TD Bank Canada Webbroker is one option to consider.

Research Information

Laddered preferred shares are essentially a basket of Canadian preferred stocks. They can be found under various names, such as ZPD.

Research shows that CIBC Preferred Shares Report refers to laddered preferred shares. This type of investment is often misunderstood by its name.

In the case of CIBC Preferred Shares Report, it's not about following a specific investment strategy called laddered, but rather about holding a basket of Canadian preferred stocks.

Frequently Asked Questions

What does 7% preferred stock mean?

7% preferred stock refers to a type of stock that pays a fixed annual dividend of 7% of its par value, typically $70 in this case. This means the investor earns a steady return on their investment, similar to a bond

Are preferreds considered fixed income?

Yes, preferred shares are considered fixed income securities, but their values can fluctuate with interest rate changes. This means their sale proceeds may not always match the original purchase price.

How are preferred shares taxed in Canada?

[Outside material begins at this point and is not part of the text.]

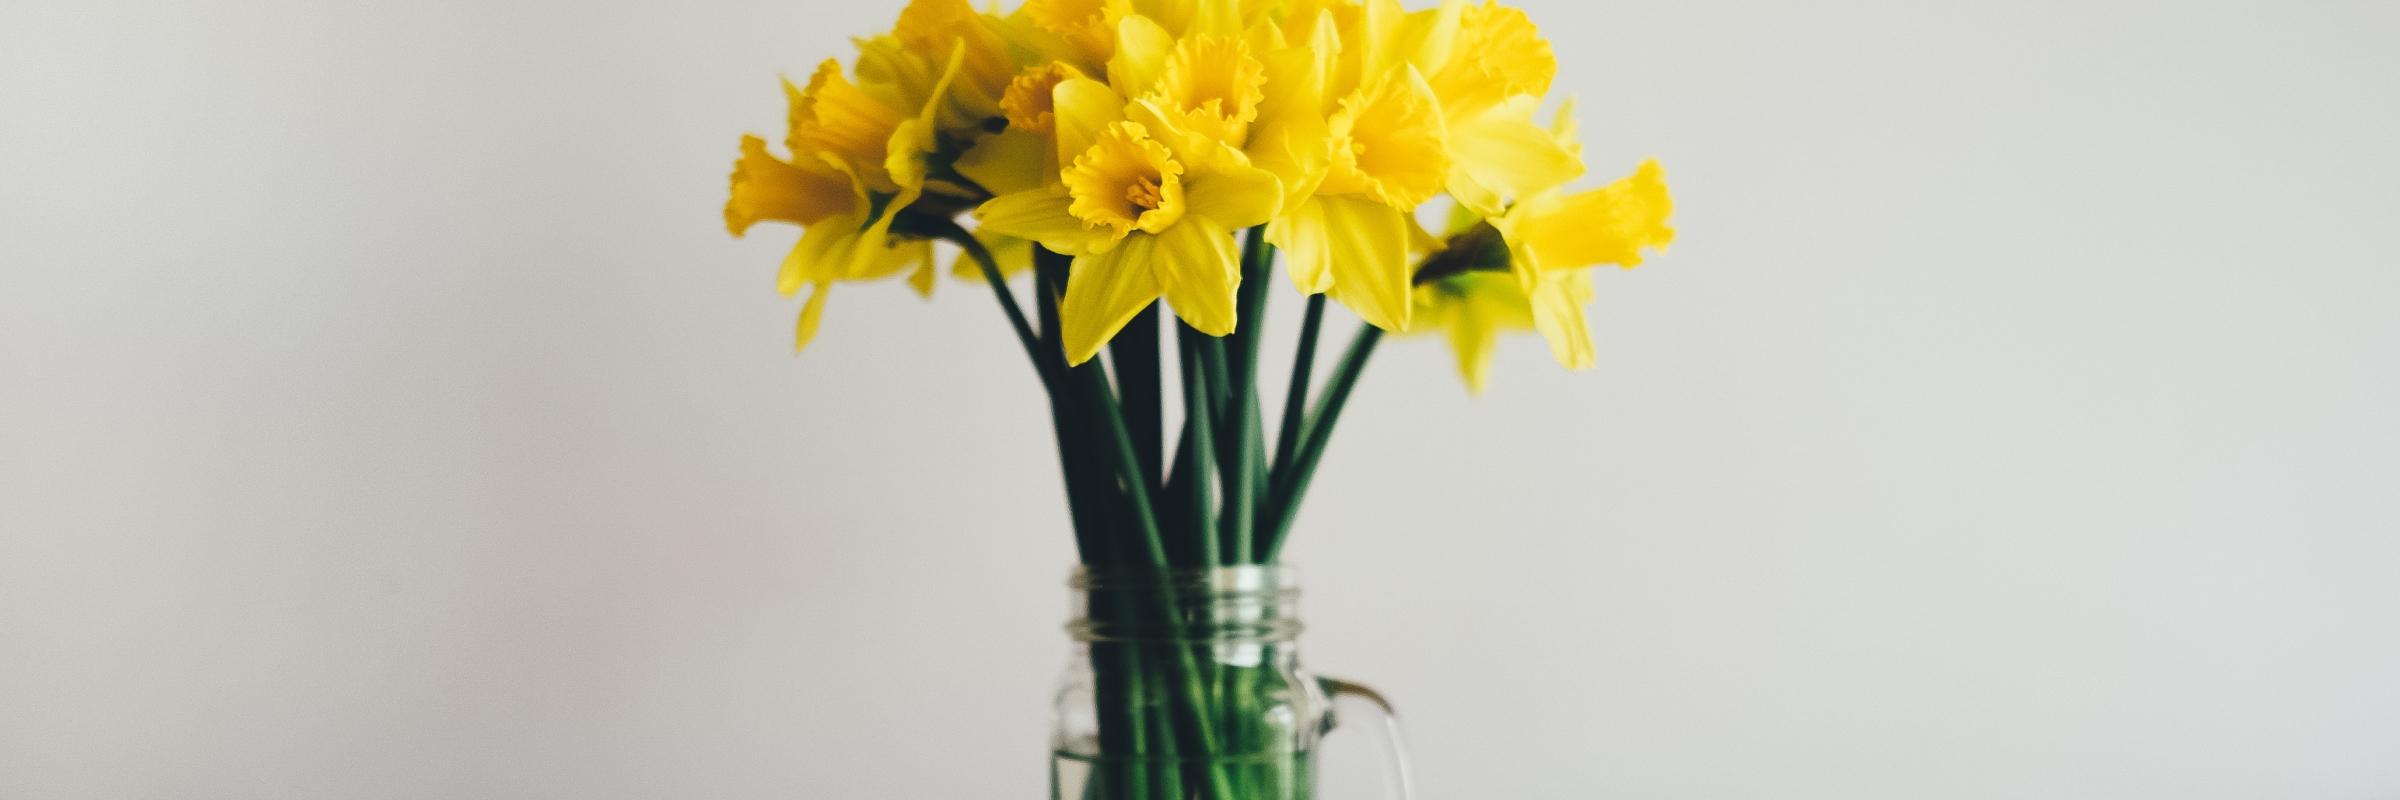 daffodils in jar

In Canada, preferred shares are taxed as corporate income, with a 10% tax rate for most recipients, unless the payer chooses a 40% tax rate to offset against their income tax liability. This tax treatment can be complex, so it's essential to understand the rules and implications.

What is the best preferred stock to buy?

There is no single "best" preferred stock to buy, as the suitability of a preferred stock depends on your individual investment goals and risk tolerance. Consider exploring the various options listed, such as the SPDR ICE Preferred Securities ETF or the Global X US Preferred ETF, to find the one that aligns with your investment strategy.